■ Work required
Print the lines below from the line with "PAKET D Hampers" to the line with "Guioza de carne servida num prato com wasabi" exactly, keeping both ends, and print no pictures.

■ The data
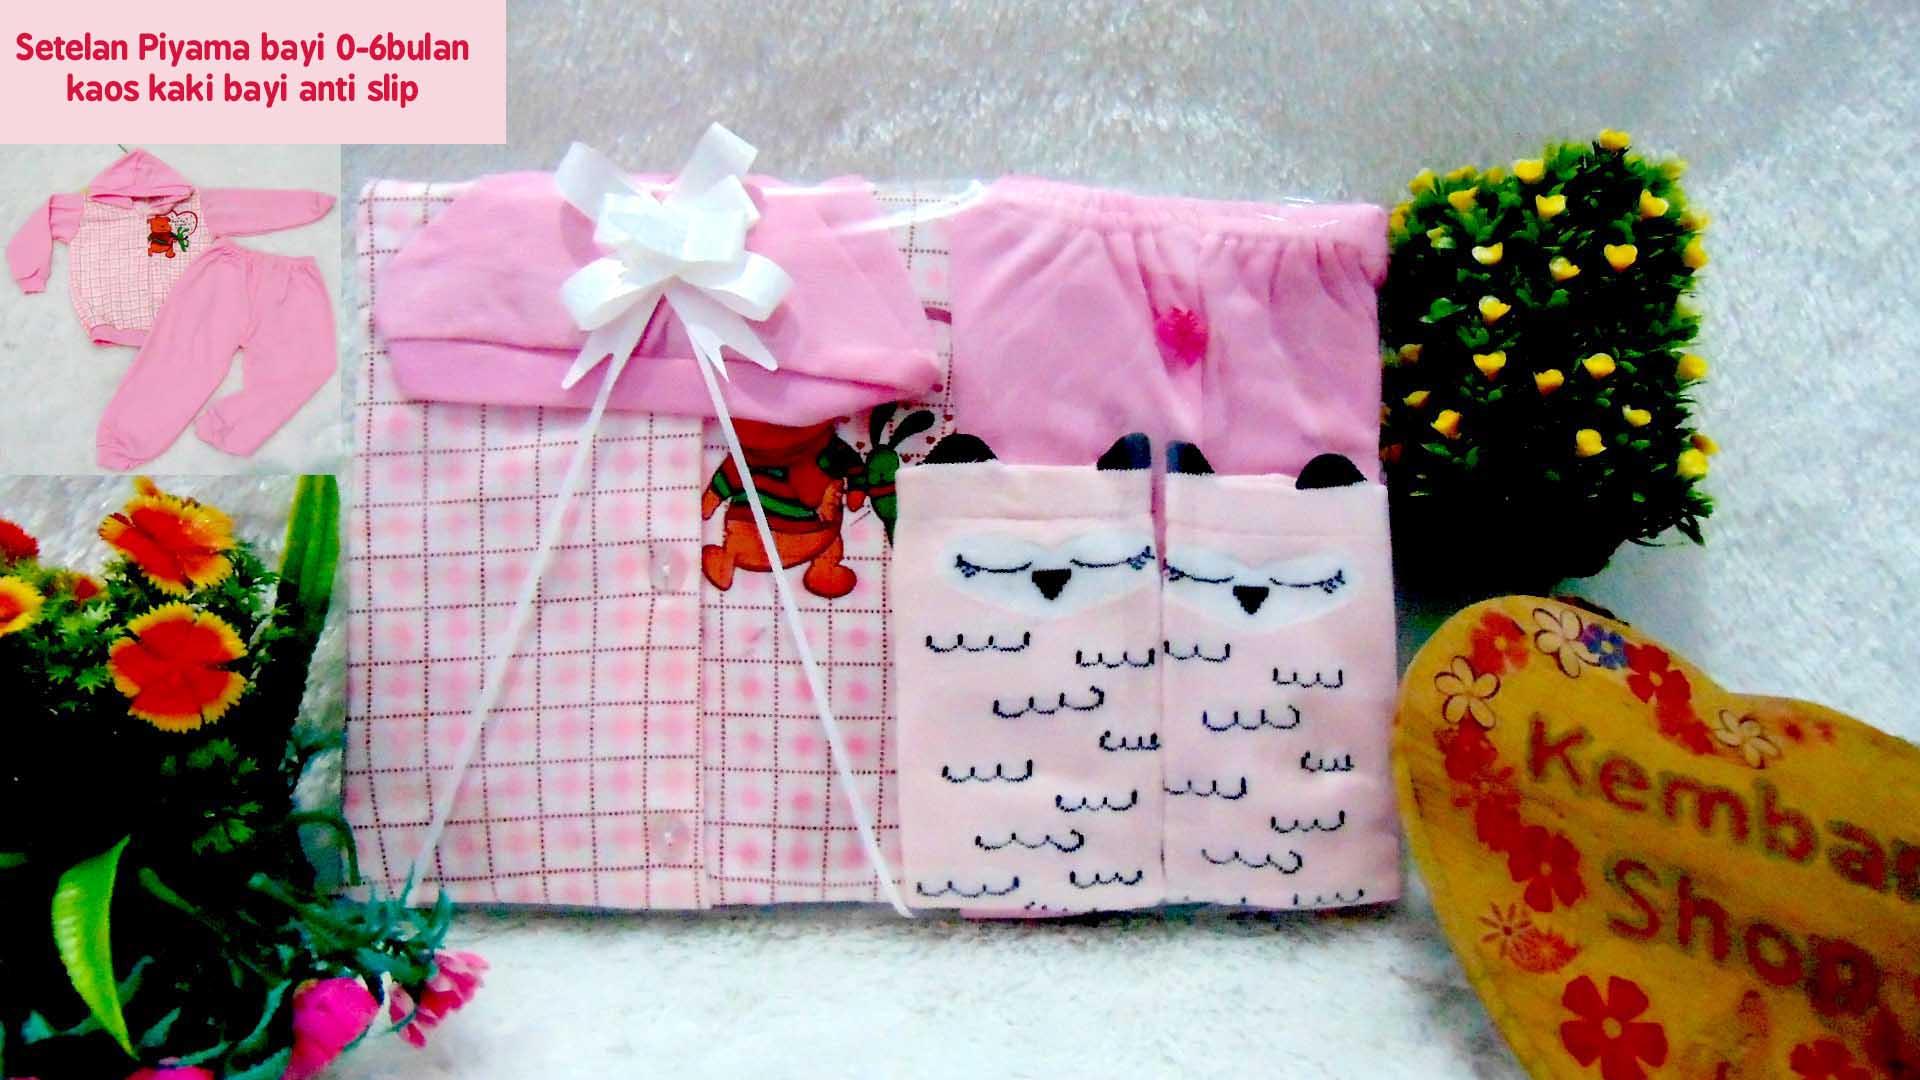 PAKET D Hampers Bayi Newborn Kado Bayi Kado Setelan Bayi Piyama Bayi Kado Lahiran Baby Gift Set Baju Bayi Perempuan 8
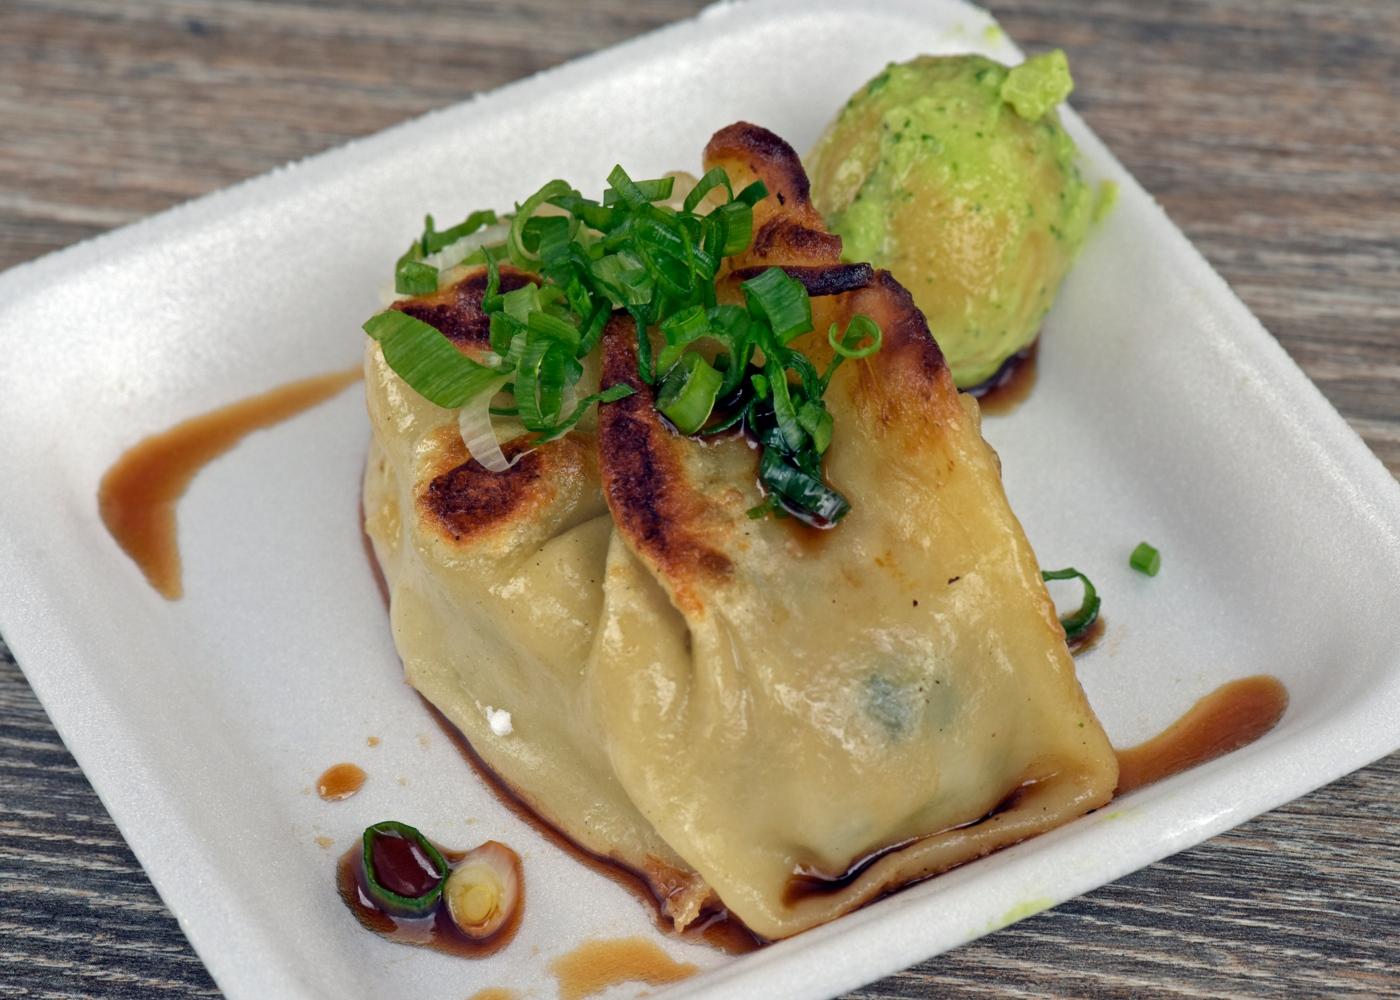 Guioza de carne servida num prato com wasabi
...
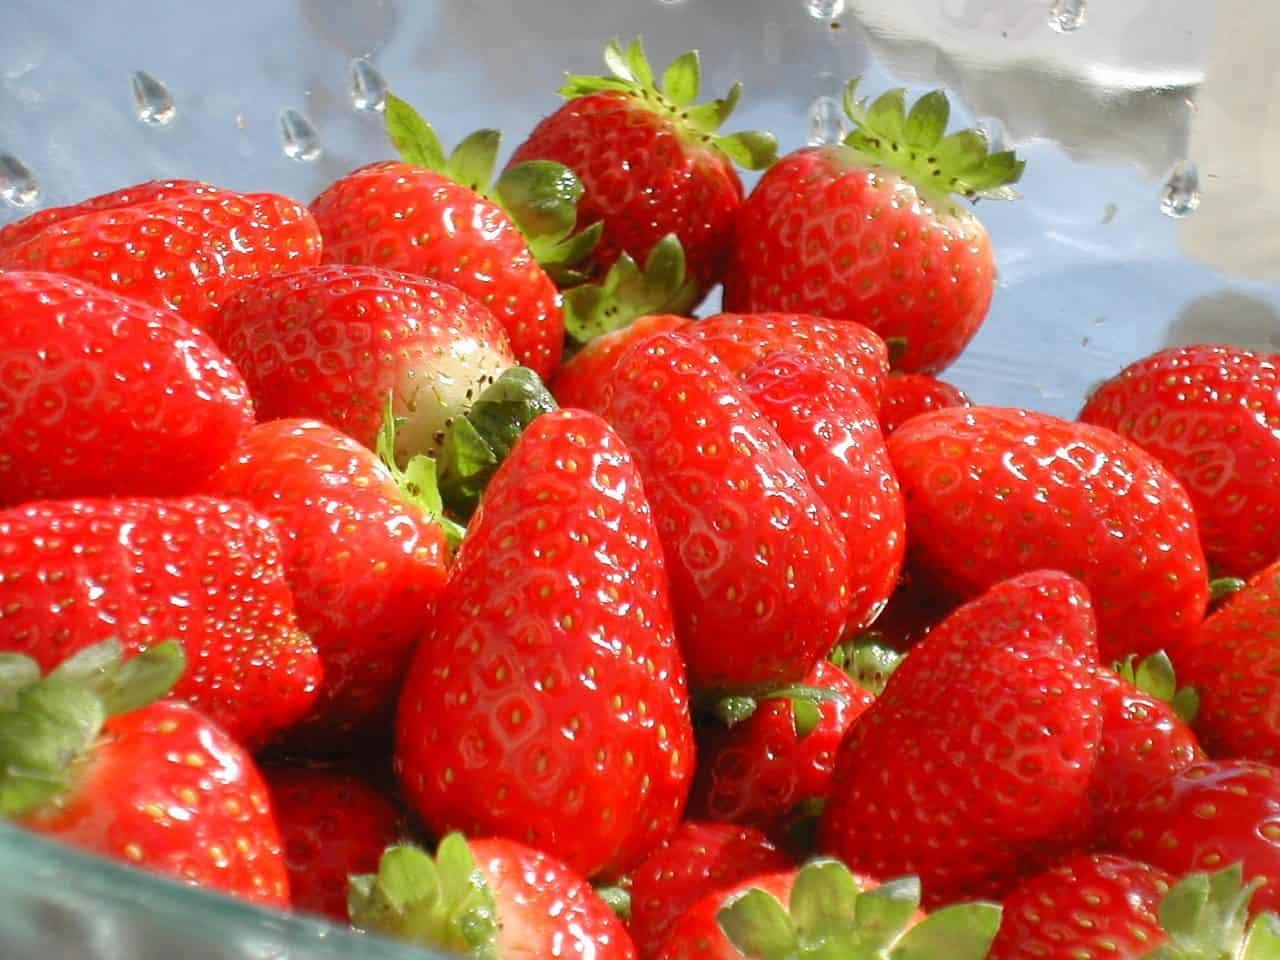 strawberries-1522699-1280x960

■ Final answer
 PAKET D Hampers Bayi Newborn Kado Bayi Kado Setelan Bayi Piyama Bayi Kado Lahiran Baby Gift Set Baju Bayi Perempuan 8
 Guioza de carne servida num prato com wasabi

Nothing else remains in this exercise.